Thank you. So, just to say that increased cash position is a result of prudent financial planning and exercising efficiencies in different cost variances, and it is unrelated to our examination of partnership opportunities. But, the strong cash position that the company finds itself today and projects for the end of the year gives us a number of opportunities, not only have the flexibility to examine options in partnerships but also examine options in additional fund-raising.

Your next question comes from the line of [Tim Ackerman] with SAI Healthcare. Please proceed with your question.

Hi, thanks for taking my questions. My first question is this. What will a representative say from either your company or perhaps from your partner's company when they walk into a psychiatrist's office about the genetic testing? What's your message there that you'll say to the standard psychiatrist? And the second question is, are there any parallel trials going on right now with VEC-162?

Thank you. First of all, let me address your question that has to do with what is our positioning about our sales details to the psychiatrist's office around iloperidone.

We clearly can tell you that there are many of these [physician statements] that we're examining carefully on market research today. But hopefully, you can understand that we will almost never discuss our positioning by our sales reps, either to -- on this call or in the future calls for very obvious competitive reasons.

You asked a question about ongoing VEC-162 studies. Just to clarify it, we have one Phase III study going on now in chronic insomnia.

Your next question is from the line of [Todd Munn] with [WIC Partners]. Please proceed with your question.

Yes, hi. Can you please elaborate on your reasons for issuing and then canceling your convertible offering?

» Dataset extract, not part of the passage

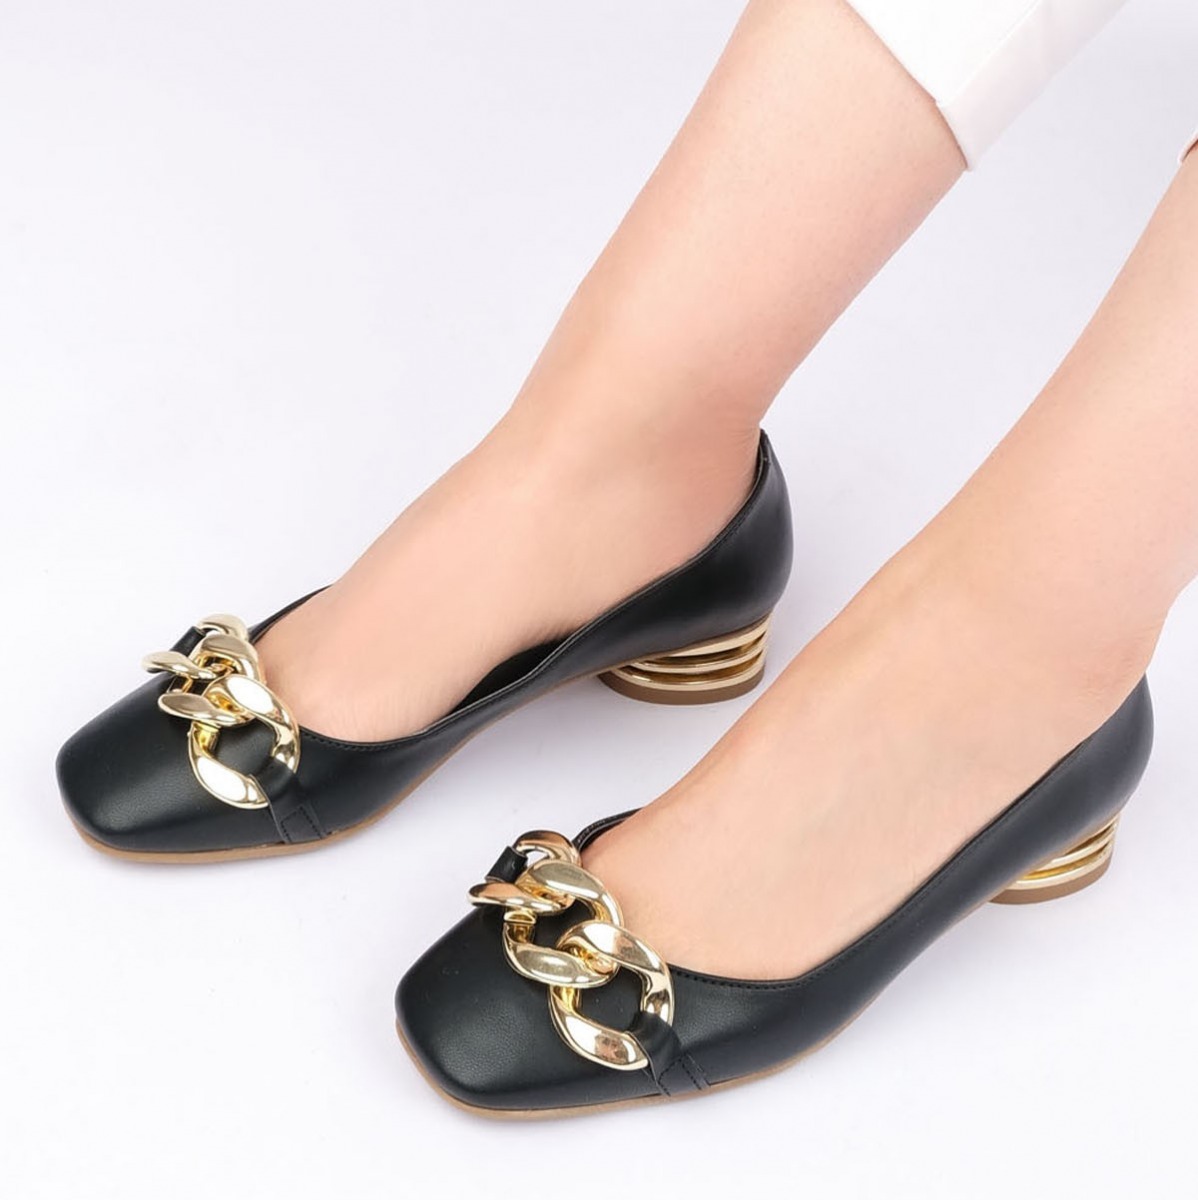 Flo Kadın Günlük Klasik Topuklu Ayakkabı Giva Siyah. 3

Yes. Cash is always good, and while we had a strong cash position, additional cash increase flexibility of an organization. However as we said, the terms that were in front of us despite demand were not acceptable. And the company continues to have many options and flexibility to pursue them.

There are no further questions at this time. I would now like to turn the call back over to the company for any closing remarks.

Thank you. Let's conclude this third Quarter Investor Call. We know that the Vanda team has the commitment, the passion and the skill to continue in our course. We thank you for your interest and support for Vanda, and we look forward to speaking with you again next quarter. Thank you.

Thank you for your participation in today's conference. This concludes the presentation. You may now disconnect. Good day.